이 샘플을 사용해 보기 전에 BigQuery 빠른 시작: 클라이언트 라이브러리 사용의 PHP 설정 안내를 따르세요. 자세한 내용은 BigQuery PHP API 참고 문서를 확인하세요.

BigQuery에 인증하려면 애플리케이션 기본 사용자 인증 정보를 설정합니다. 자세한 내용은 클라이언트 라이브러리의 인증 설정을 참조하세요.

// Includes the autoloader for libraries installed with composer
require __DIR__ . '/vendor/autoload.php';

use Google\Cloud\BigQuery\Storage\V1\Client\BigQueryReadClient;
use Google\Cloud\BigQuery\Storage\V1\CreateReadSessionRequest;
use Google\Cloud\BigQuery\Storage\V1\DataFormat;
use Google\Cloud\BigQuery\Storage\V1\ReadRowsRequest;
use Google\Cloud\BigQuery\Storage\V1\ReadSession;
use Google\Cloud\BigQuery\Storage\V1\ReadSession\TableModifiers;
use Google\Cloud\BigQuery\Storage\V1\ReadSession\TableReadOptions;
use Google\Protobuf\Timestamp;

// Instantiates the client and sets the project
$client = new BigQueryReadClient();
$project = $client->projectName('YOUR_PROJECT_ID');
$snapshotMillis = 'YOUR_SNAPSHOT_MILLIS';

// This example reads baby name data from the below public dataset.
$table = $client->tableName(
    'bigquery-public-data',
    'usa_names',
    'usa_1910_current'
);

//  This API can also deliver data serialized in Apache Arrow format.
//  This example leverages Apache Avro.
$readSession = new ReadSession();
$readSession->setTable($table)->setDataFormat(DataFormat::AVRO);

// We limit the output columns to a subset of those allowed in the table,
// and set a simple filter to only report names from the state of
// Washington (WA).
$readOptions = new TableReadOptions();
$readOptions->setSelectedFields(['name', 'number', 'state']);
$readOptions->setRowRestriction('state = "WA"');
$readSession->setReadOptions($readOptions);

// With snapshot millis if present
if (!empty($snapshotMillis)) {
    $timestamp = new Timestamp();
    $timestamp->setSeconds($snapshotMillis / 1000);
    $timestamp->setNanos((int) ($snapshotMillis % 1000) * 1000000);
    $tableModifier = new TableModifiers();
    $tableModifier->setSnapshotTime($timestamp);
    $readSession->setTableModifiers($tableModifier);
}

try {
    $createReadSessionRequest = (new CreateReadSessionRequest())
        ->setParent($project)
        ->setReadSession($readSession)
        ->setMaxStreamCount(1);
    $session = $client->createReadSession($createReadSessionRequest);
    $readRowsRequest = (new ReadRowsRequest())
        ->setReadStream($session->getStreams()[0]->getName());
    $stream = $client->readRows($readRowsRequest);
    // Do any local processing by iterating over the responses.

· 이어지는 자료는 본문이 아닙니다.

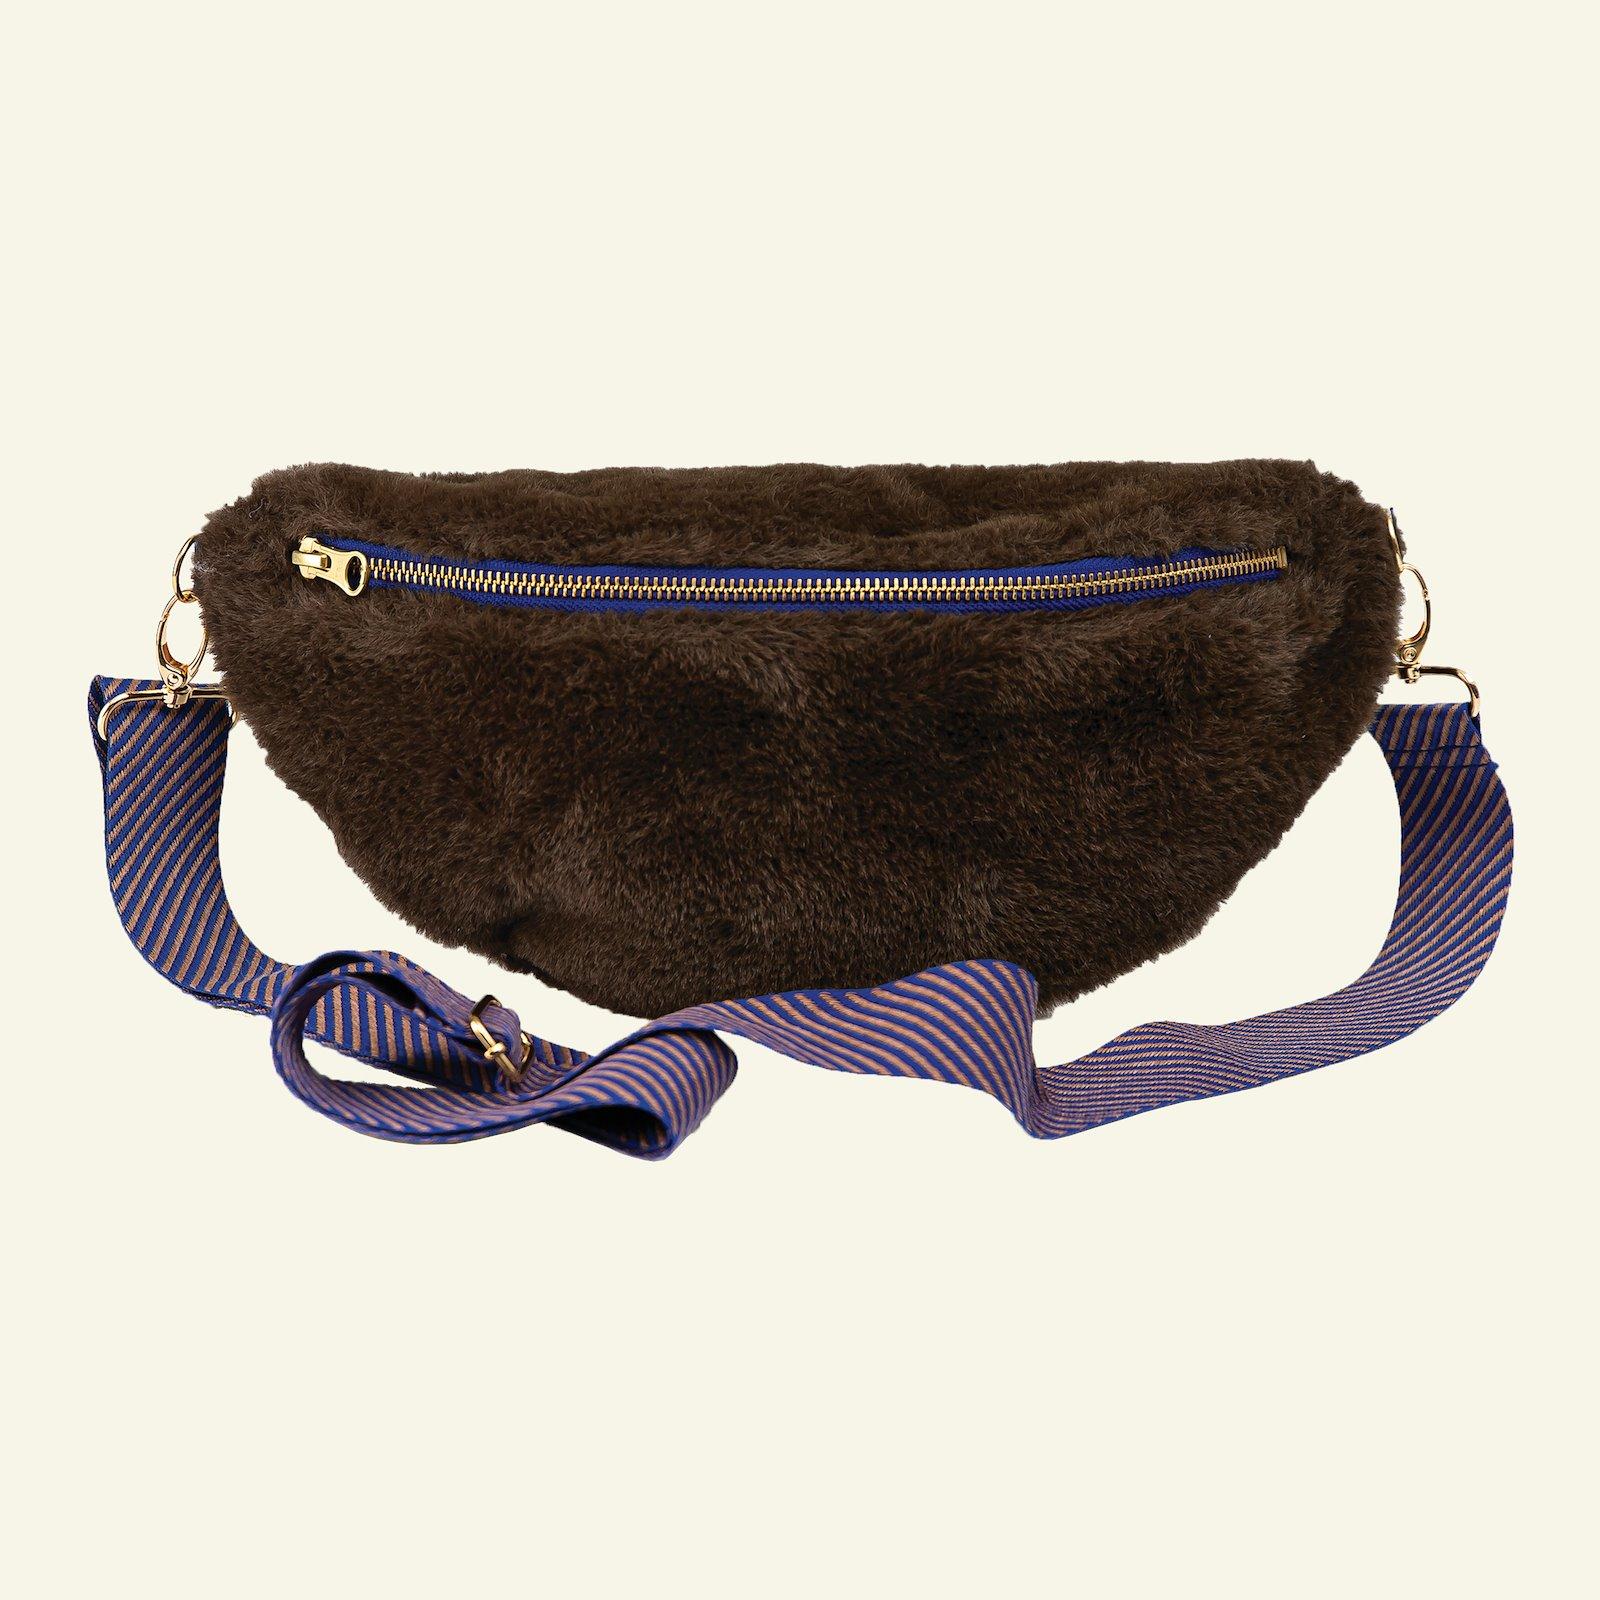 Boxy bum bag p90330_910187_21451_sskit

The
    // google-cloud-bigquery-storage client reconnects to the API after any
    // transient network errors or timeouts.
    $schema = '';
    $names = [];
    $states = [];
    foreach ($stream->readAll() as $response) {
        $data = $response->getAvroRows()->getSerializedBinaryRows();
        if ($response->hasAvroSchema()) {
            $schema = $response->getAvroSchema()->getSchema();
        }
        $avroSchema = AvroSchema::parse($schema);
        $readIO = new AvroStringIO($data);
        $datumReader = new AvroIODatumReader($avroSchema);

        while (!$readIO->is_eof()) {
            $record = $datumReader->read(new AvroIOBinaryDecoder($readIO));
            $names[$record['name']] = '';
            $states[$record['state']] = '';
        }
    }
    $states = array_keys($states);
    printf(
        'Got %d unique names in states: %s' . PHP_EOL,
        count($names),
        implode(', ', $states)
    );
} finally {
    $client->close();
}

Python

이 샘플을 사용해 보기 전에 BigQuery 빠른 시작: 클라이언트 라이브러리 사용의 Python 설정 안내를 따르세요. 자세한 내용은 BigQuery Python API 참고 문서를 확인하세요.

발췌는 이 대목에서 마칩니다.